Appel de 70 organisations de la société civile pour les européennes
Les extrêmes droites, dont la progression se poursuit plus que jamais, exploitent les mécontentements, les ressentiments, les colères. Colères souvent légitimes face à la dégradation du tissu social, à l’arrogance de pouvoirs oligarchiques, et à tant de renoncements face aux injustices sociales et environnementales, au rythme et aux effets du changement climatique et à l’affaiblissement accéléré des services publics.
Mais les extrêmes droites entretiennent ce ressentiment en désignant des boucs émissaires. Car elles ont besoin que le malheur s’étende : elles en vivent, elles s’en nourrissent. Il leur faut toujours plus de divisions, de fragmentation de la société, de repli sur un passé largement mythifié et une identité nationale fantasmée, d’enfermement dans les murs et les centres de rétention, de frontières barbelées, de rejet de l’autre.

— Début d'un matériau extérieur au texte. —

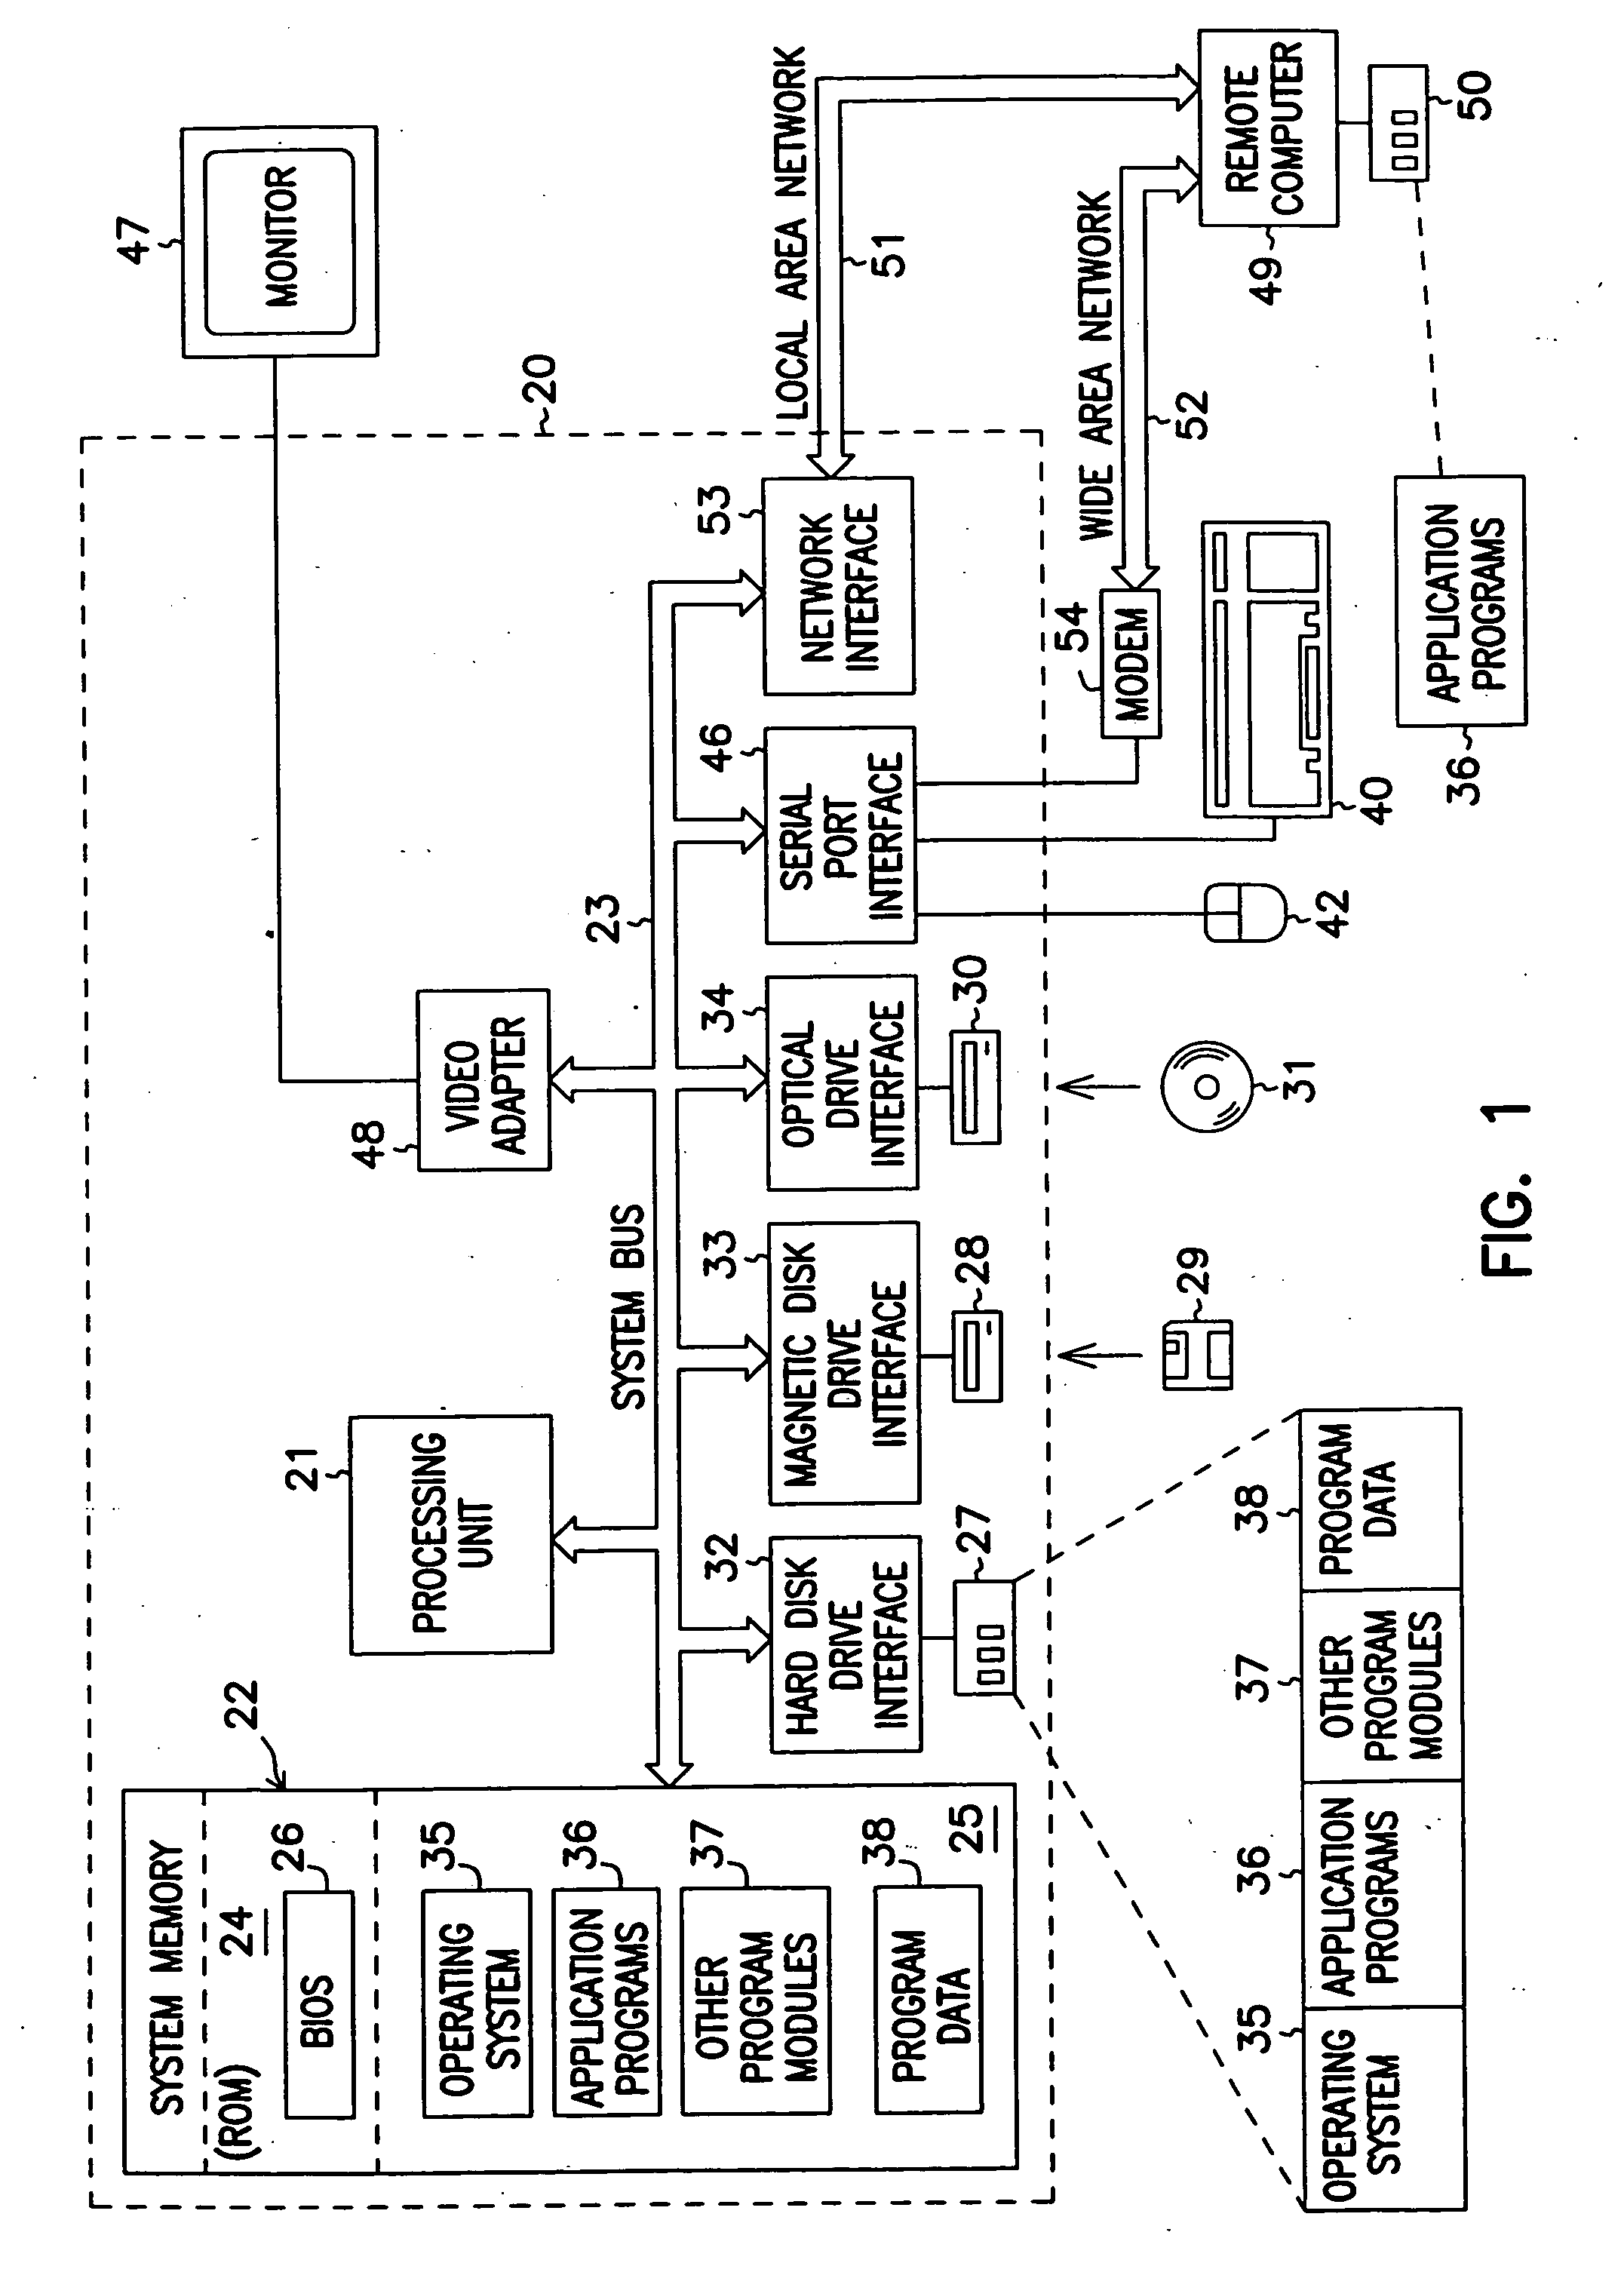 Scalable computing system for managing annotations

Or, plus on divise, plus on affaiblit. Plus on dresse les travailleurs contre les chômeurs vilipendés comme «assistés», les agriculteurs contre les défenseurs du climat, les Français contre les étrangers, les centres-villes contre les banlieues, les «Parisiens» contre «la terre qui ne ment pas», les «vieux» contre les «jeunes», et plus on aggrave injustices, inégalités, préjugés et discriminations. Et au bout du compte tous et toutes y perdent… sauf les nostalgiques d’un pouvoir autoritaire derrière qui toute la société marcherait au pas.
Il est grand temps d’ouvrir les yeux
La propagande de l’extrême droite et de celles et ceux qui courent après elle, masque le monde réel. Depuis des décennies, ce qui menace la démocratie et le vivre-ensemble, dans notre pays comme dans beaucoup d’autres, c’est le recul massif de l’égalité, des solidarités, de l’accès aux droits et de la protection des plus fragiles. C’est le culte du tout marchand, du tout privé, du tout payant, avec toujours plus de personnes, de groupes sociaux et de territoires précarisés, abandonnés, voire méprisés.
Ce ne sont pas les personnes étrangères qui ont fait exploser inégalités et discriminations. Ce ne sont pas les écologistes qui ont ruiné tant de paysans endettés et pressurés par les industries agro-alimentaires. Ce ne sont pas les «jeunes des quartiers» qui ont construit, abandonné, puis laissé se dégrader les quartiers populaires où se concentrent depuis si longtemps misère, chômage et précarité. Ce ne sont pas les militants syndicaux qui ont fermé les usines ou dégradé les services publics.
De tout cela bien sûr, l’extrême droite ne dit rien. Mais nous – associations, syndicats, acteurs et actrices de la solidarité, citoyennes et citoyens engagés dans la société civile –, nous disons aujourd’hui qu’il est grand temps d’ouvrir les yeux. Car le danger grandit, aux portes d’un avenir proche : le danger que triomphent la haine de l’Autre, le repli identitaire, le racisme, l’affrontement de tous contre tous. Que deviendrait alors la démocratie même ?
Le sentiment d’une vie toujours plus difficile et précaire
Oui, il est grand temps de réagir. Nous n’acceptons pas que se poursuivent le saccage de la santé publique – entre «déserts médicaux» et détresse hospitalière –, le séparatisme scolaire des riches et les études de plus en plus chères, les logements de moins en moins abordables pour le plus grand nombre, les services publics qui reculent, les territoires qui vivent la déprise, et leurs habitantes et habitants abandonnés au «chacun pour soi», à la précarité et à l’insécurité sociale.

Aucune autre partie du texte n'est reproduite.